Scan the records beneath this line for the line holding "Основы HTML и CSS от Нетологии" and the line holding "World Equestrian Center", then transcribe exactly those two and all lines between.

> SOURCE RECORDS:
——
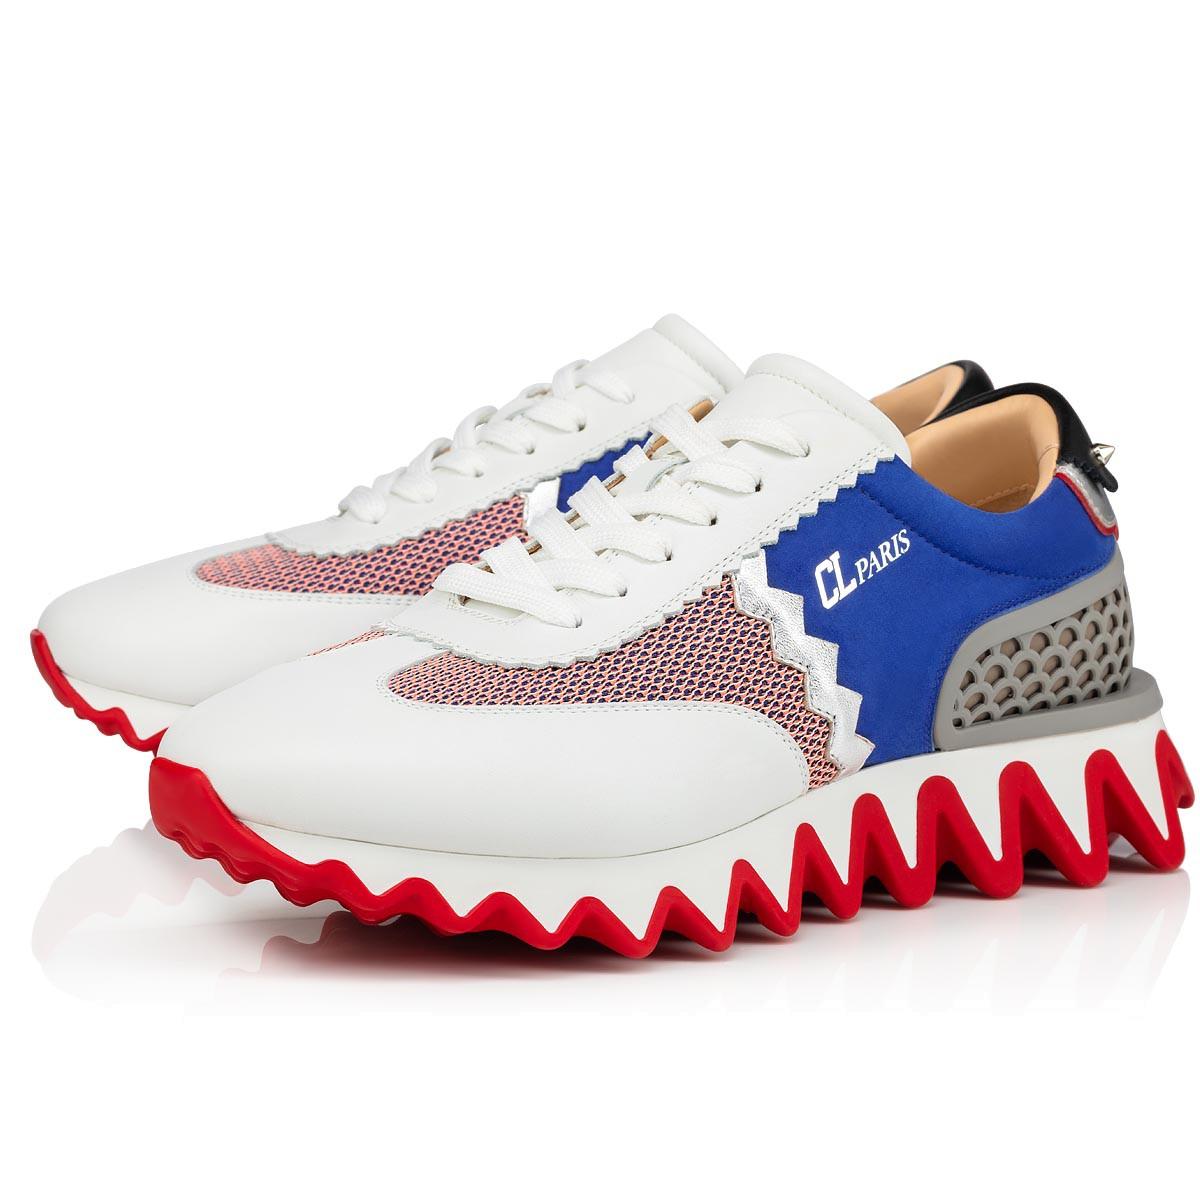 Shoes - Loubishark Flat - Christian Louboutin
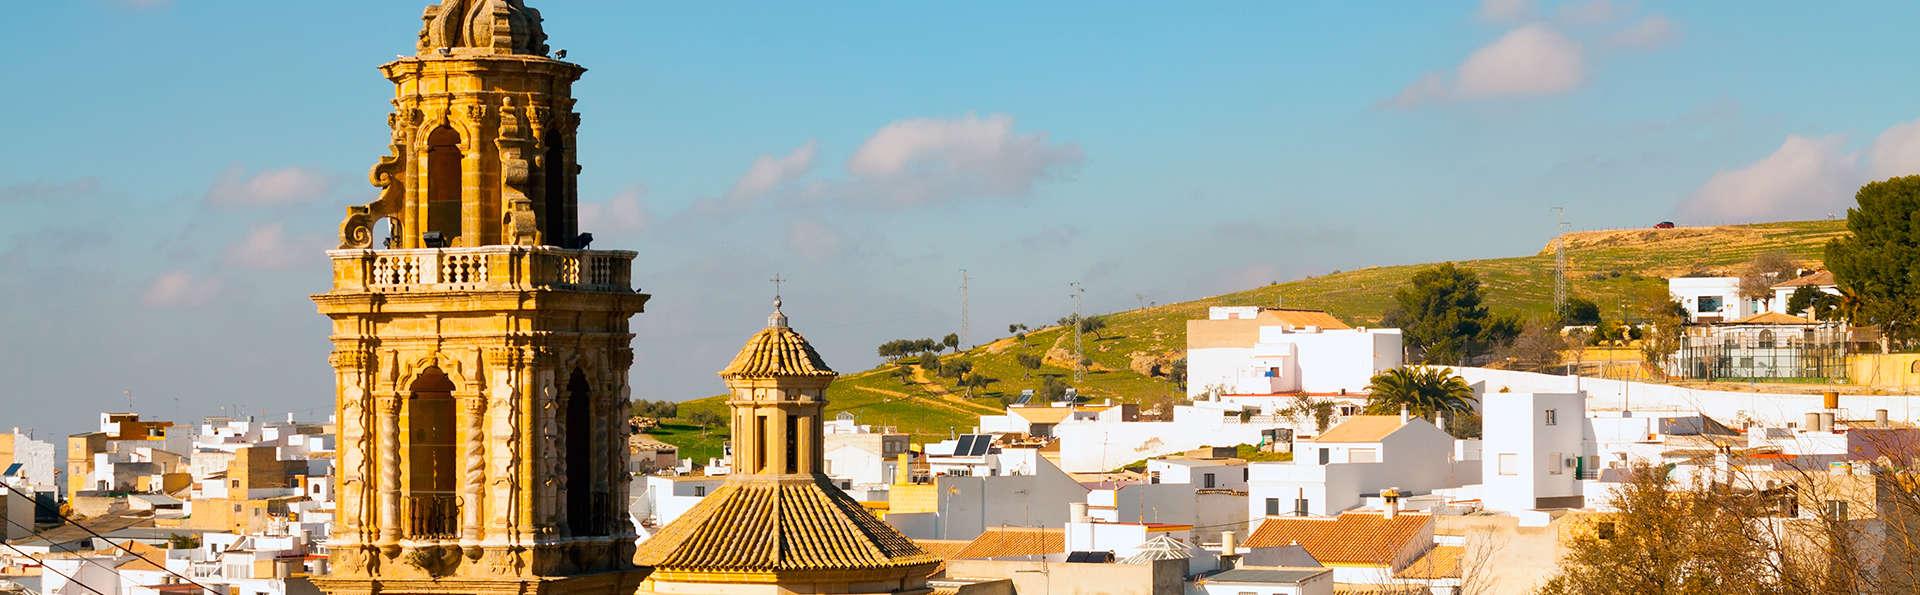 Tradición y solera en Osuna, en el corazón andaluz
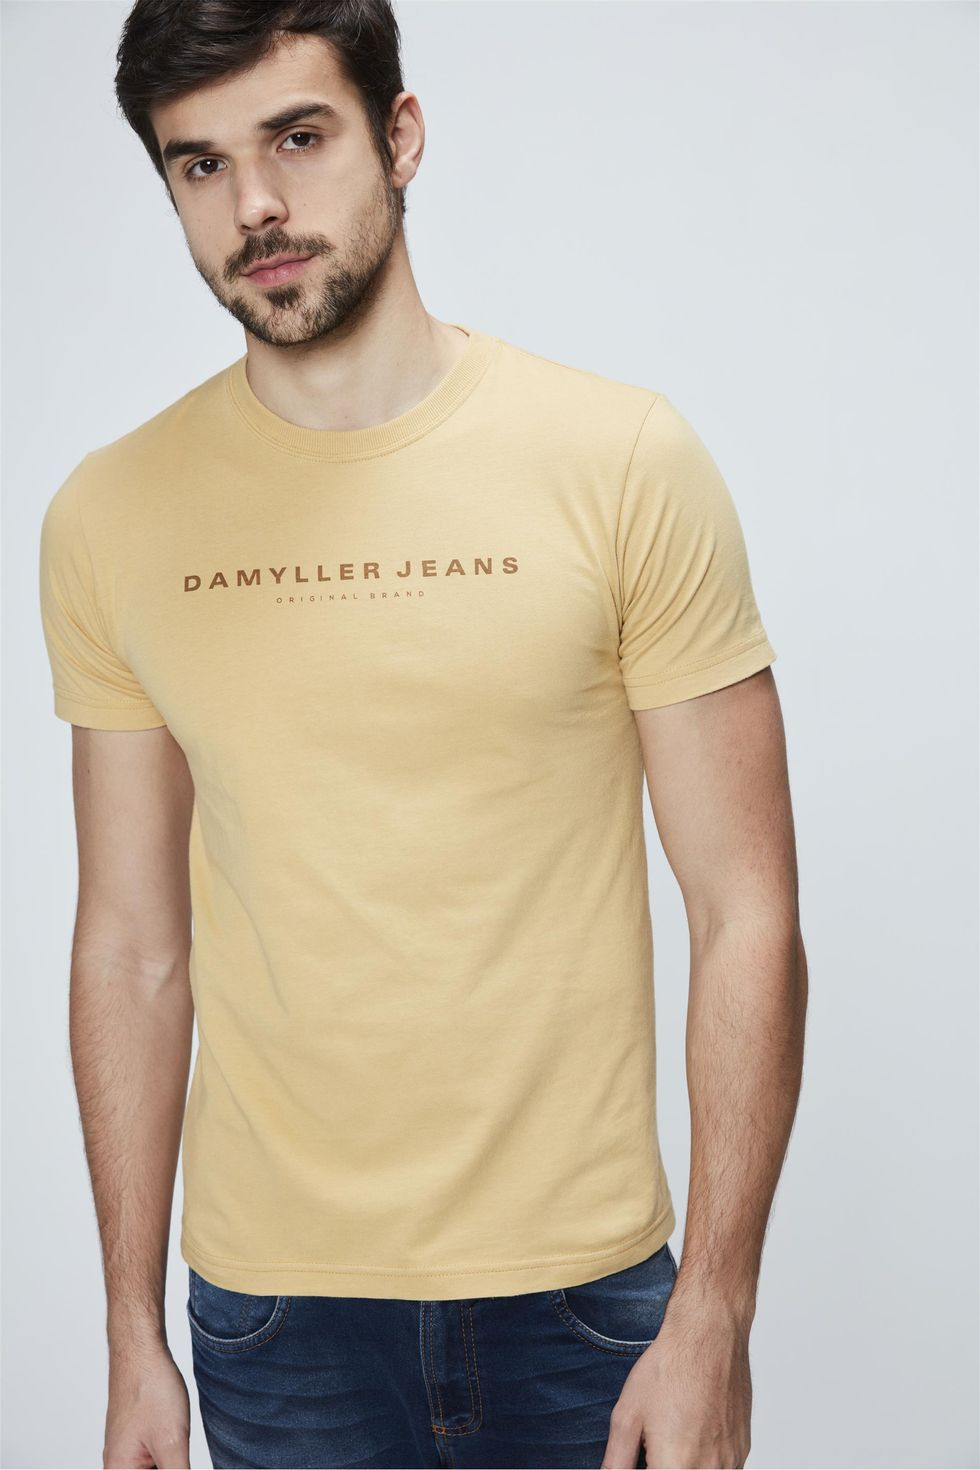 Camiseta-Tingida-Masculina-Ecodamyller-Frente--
——
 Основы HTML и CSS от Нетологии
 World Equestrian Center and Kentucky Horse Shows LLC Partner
——
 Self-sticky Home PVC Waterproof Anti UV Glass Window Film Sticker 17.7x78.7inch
——
> WRITTEN SOLUTION:
 Основы HTML и CSS от Нетологии
 World Equestrian Center and Kentucky Horse Shows LLC Partner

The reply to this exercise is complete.